Private Label CPG Dollar, Unit Sales Fall in Feb.

April 5, 2011

nielsen-cpg-dollar-feb-11-apr-2011.JPGUS private label CPG dollar and unit sales both declined year-over-year during the four weeks ending February 19, 2011, according to data from The Nielsen Company. Dollar sales fell a modest 0.2% while unit sales dropped a larger 3.5%.

Private Label CPG Dollar Sales Fall to $6.9B

During February 2011, private label prepackaged, UPC-coded CPG good dollar sales equaled about $6.9 billion, down from almost $7 billion during the same four-week period in 2010. Fresh meat experienced the strongest sales growth rate of any department, rising 25.5% from $47 million to $59 million. Fresh produce followed with 16% growth, rising from $251.3 million to $291.4 million. Alcoholic beverage dollar sales grew 10.4%, from $15.1 million to $16.6 billion.

Five departments experienced a decline in dollar sales compared to the equivalent four-week period in 2010: dry grocery, frozen foods, combo pack, non-food grocery, and general merchandise. Leading were combo pack sales, which declined 8.5%, from $18.1 million to $16.6 million. In addition, dry grocery sales dropped 3.9%, from $2.5 billion to $2.4 billion; and general merchandise sales dropped 3.8%, from $221.1 million to $212.7 million.

Dollar Segment Share Rises 0.2%

Growth for private label CPG goods in terms of dollar segment share rose fractionally, with dollar sales of private label CPG goods increasing 0.2%, from 17.4% of the segment to 17.6%. Branded CPG goods accounted for the remaining 82.4% of the segment.
Three departments experienced a positive dollar segment share increase of 1% or more: fresh meat (5.3%), fresh produce (1.9%), deli (1.4%), and general merchandise (1%).

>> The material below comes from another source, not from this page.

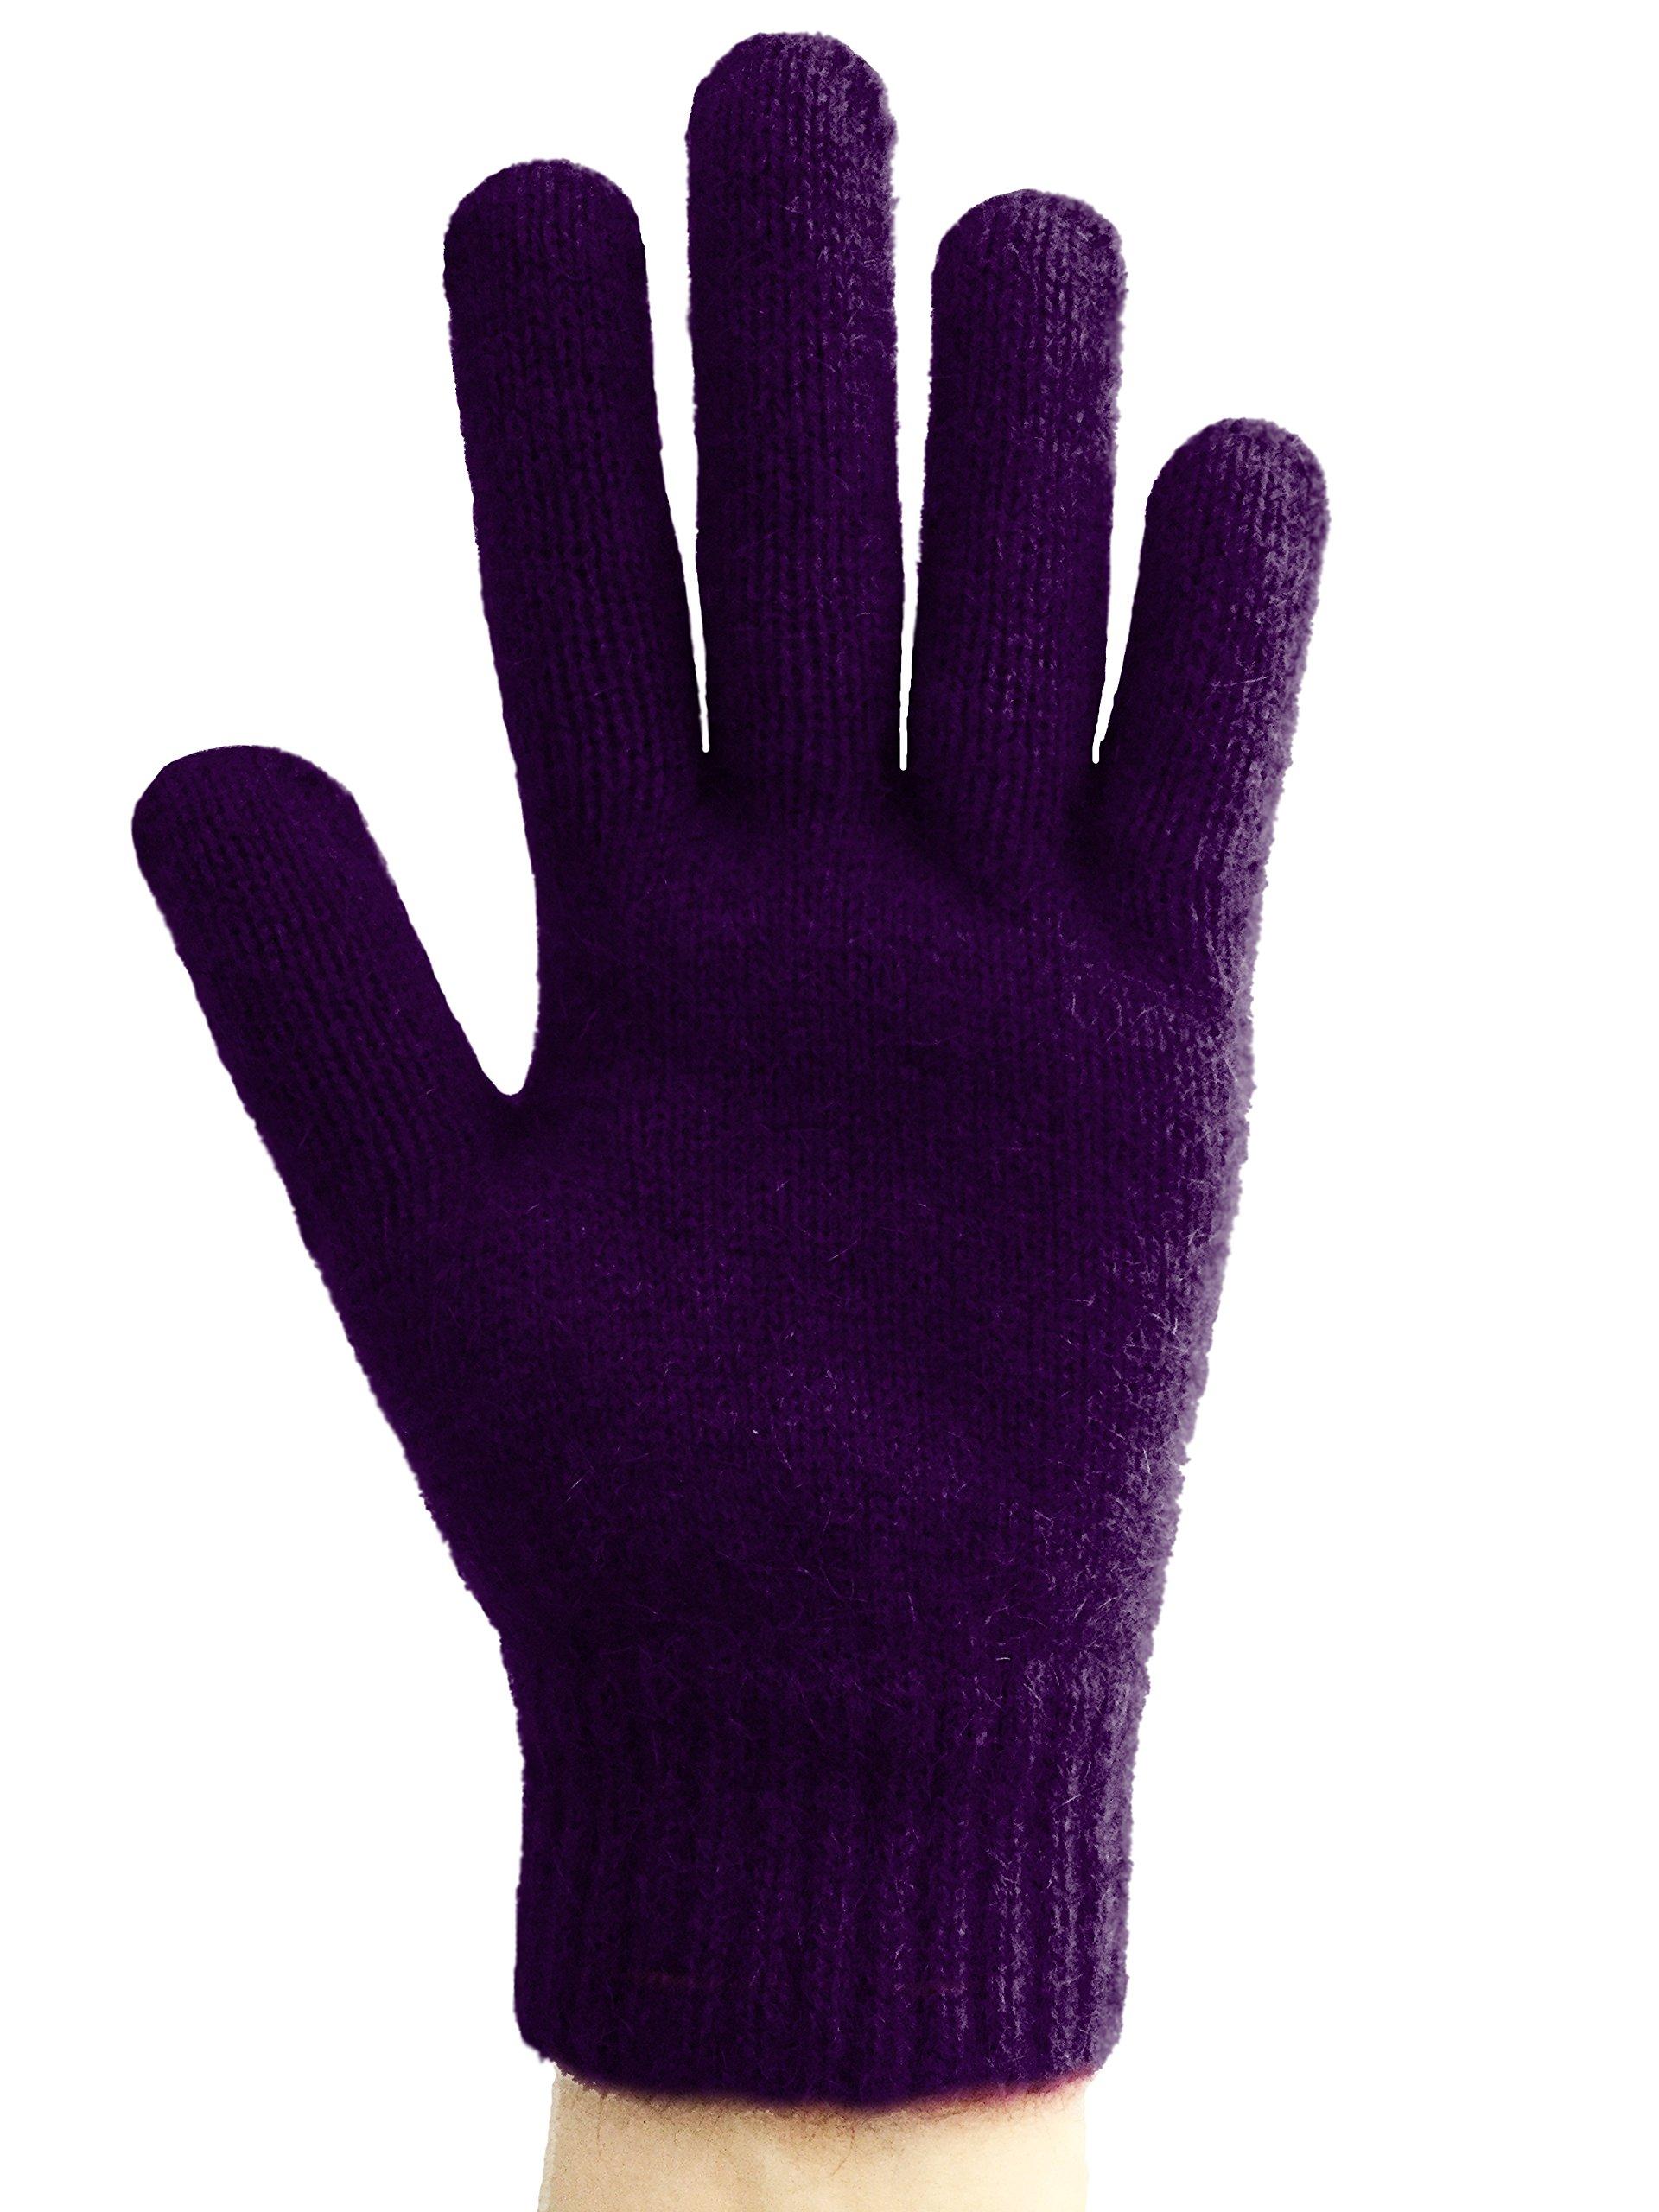 PossumDown Lightweight Brushtail Possum Merino Wool Blend Gloves (Small, Amethyst)

Frozen foods dollar segment share remained flat, and four departments experienced declines of less than 1%: dry grocery and dairy.

Unit Sales Drop to 3.05B

nielsen-cpg-unit-feb-11-apr-2011.JPGTotal private label CPG unit sales for the four weeks ending February 19, 2011 were about 3.05 billion, compared to about 3.2 billion during the equivalent four-week period in 2010. Alcoholic beverage sales rose 22.3%, from 1.8 million to 2.2. million; fresh meat sales climbed 13.3%, from 10.8 million units to 12.2 million units; and fresh produce sales rose 10.9%, from 100.8 million units to 111.8 million unit.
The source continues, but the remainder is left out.